- [What the task requires]:
When copying the data below, keep only the lines from the one with "Missa de São" through the one with "TUNWEAR-USBC-to-HDMI-v2-4K-UHDTV-Adaptor-08.jpg", word for word, and skip the pictures.

- [Input data]:
┌──

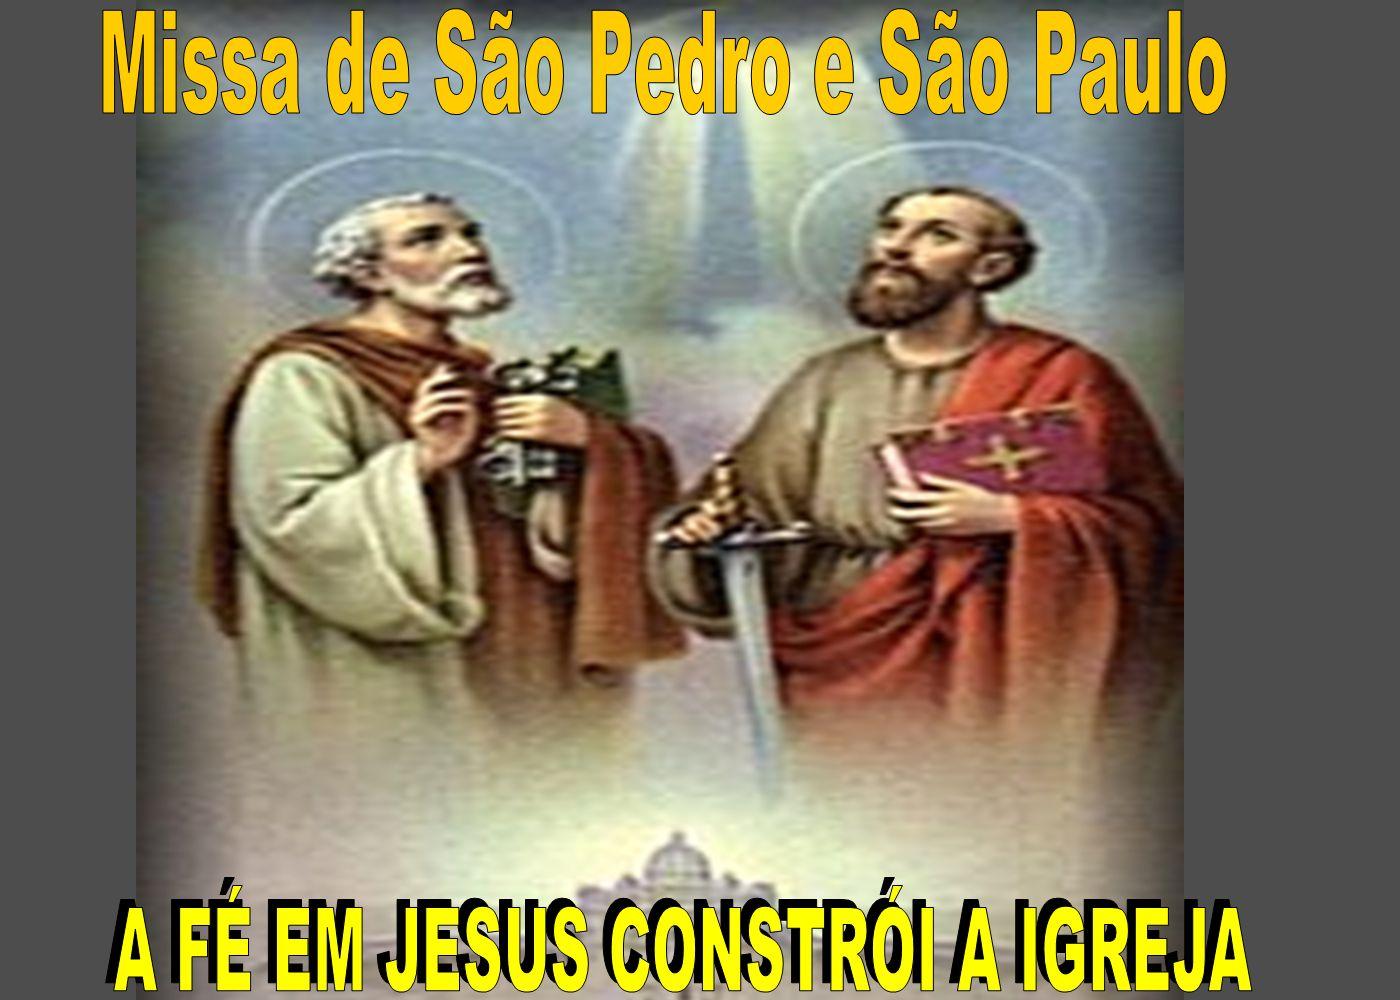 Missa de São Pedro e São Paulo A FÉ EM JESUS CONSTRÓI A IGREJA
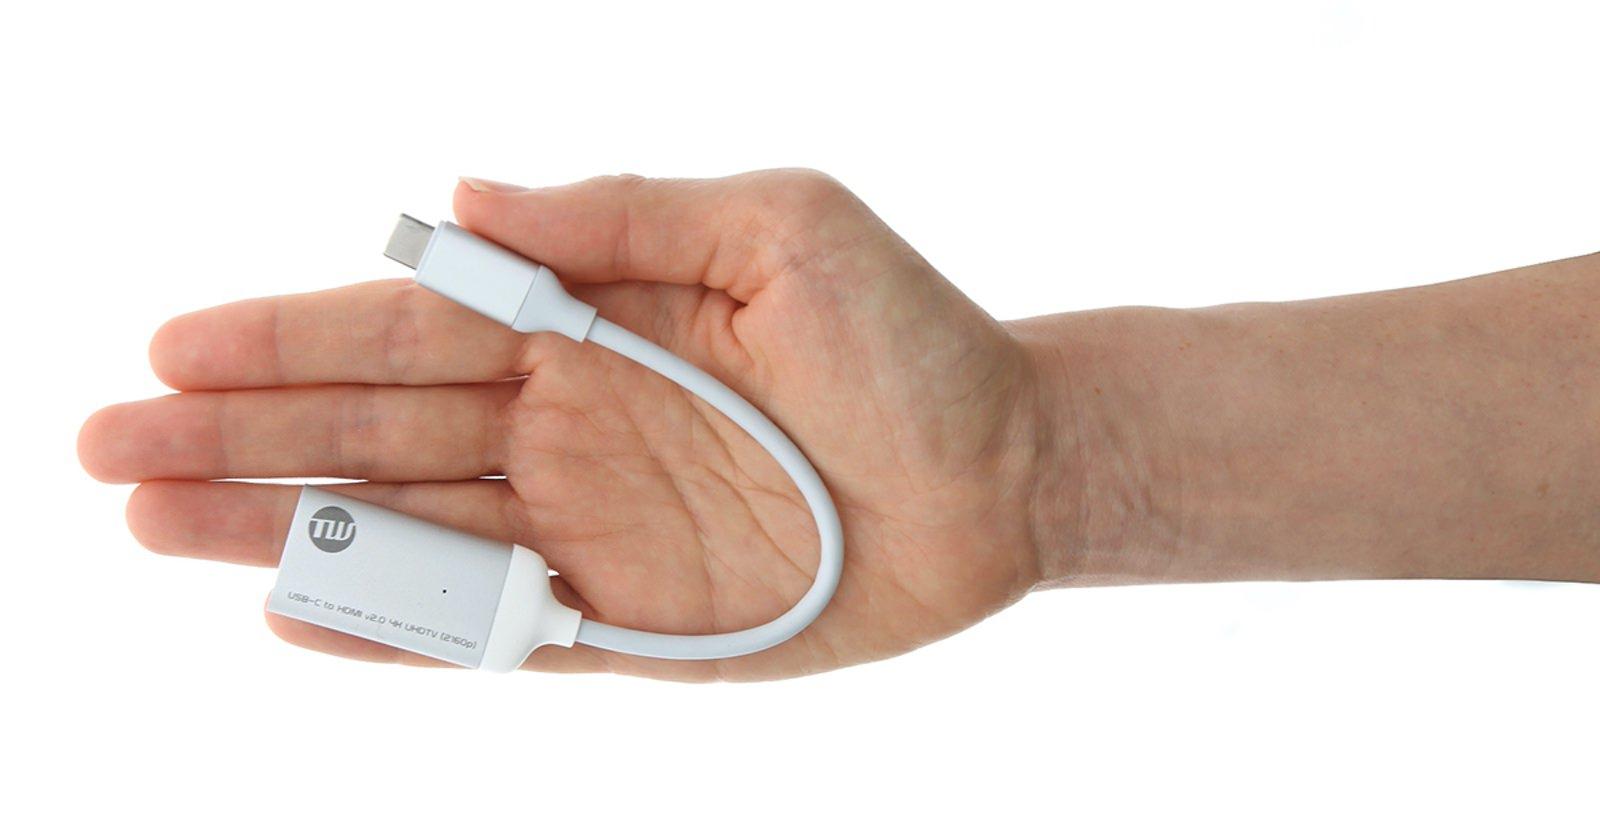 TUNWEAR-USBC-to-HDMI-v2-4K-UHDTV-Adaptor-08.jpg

└──
┌──

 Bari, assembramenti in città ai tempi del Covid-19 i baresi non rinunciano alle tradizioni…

└──
┌──

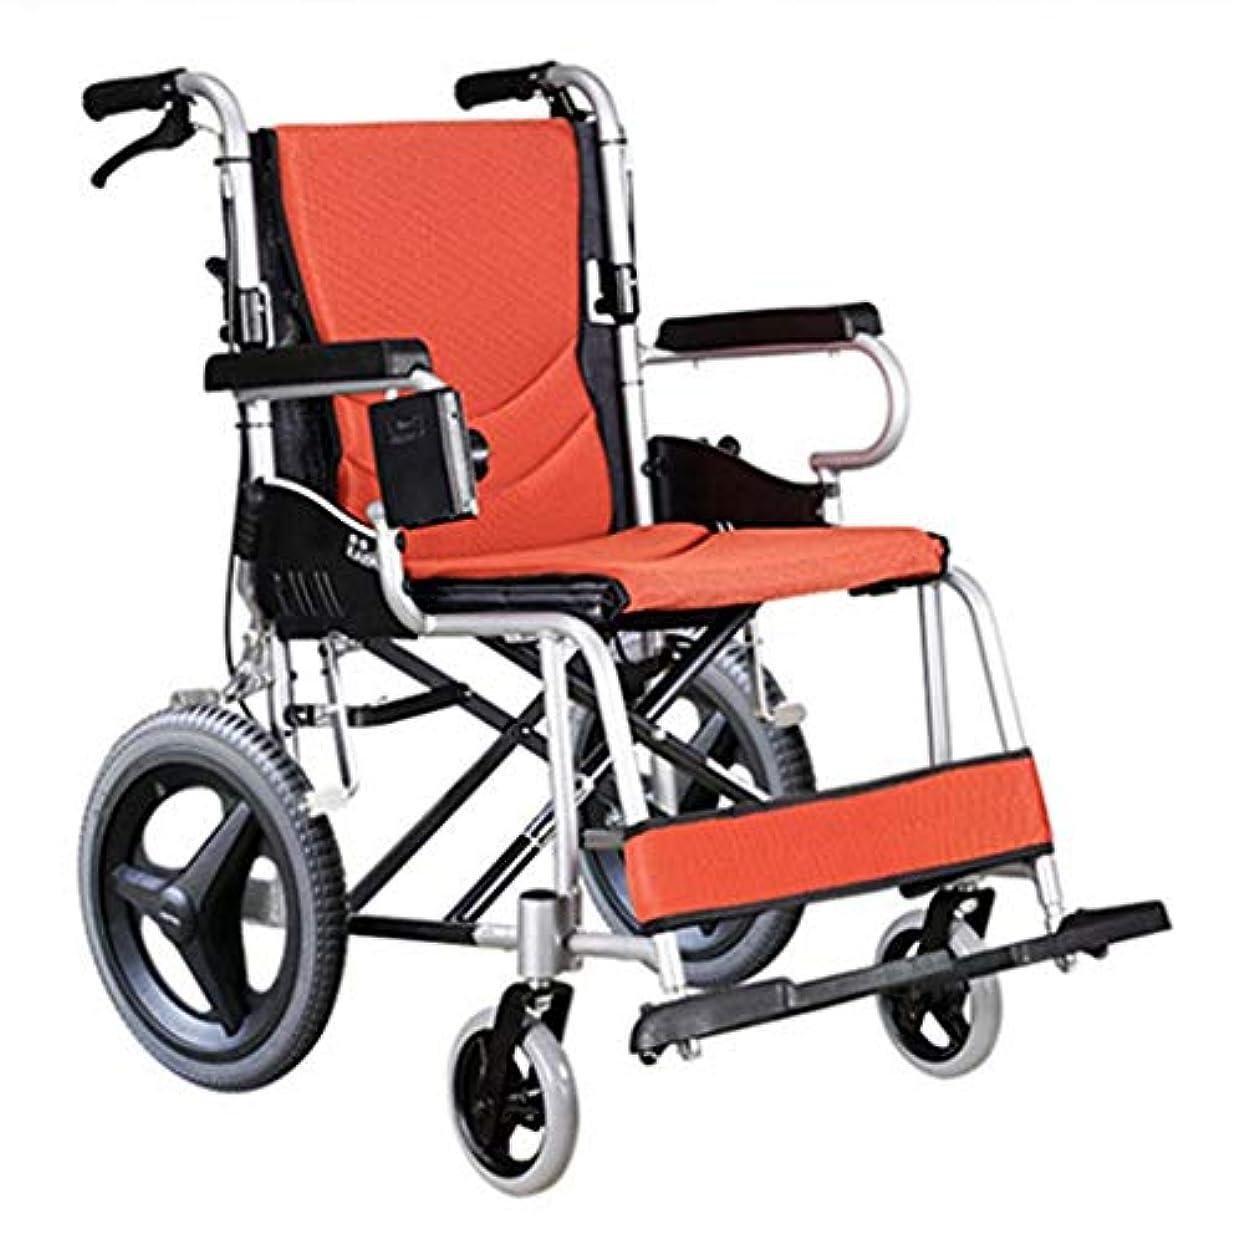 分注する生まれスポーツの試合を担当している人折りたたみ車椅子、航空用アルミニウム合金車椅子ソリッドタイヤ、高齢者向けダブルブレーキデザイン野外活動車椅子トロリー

└──

- [Written solution]:
 Missa de São Pedro e São Paulo A FÉ EM JESUS CONSTRÓI A IGREJA
 TUNWEAR-USBC-to-HDMI-v2-4K-UHDTV-Adaptor-08.jpg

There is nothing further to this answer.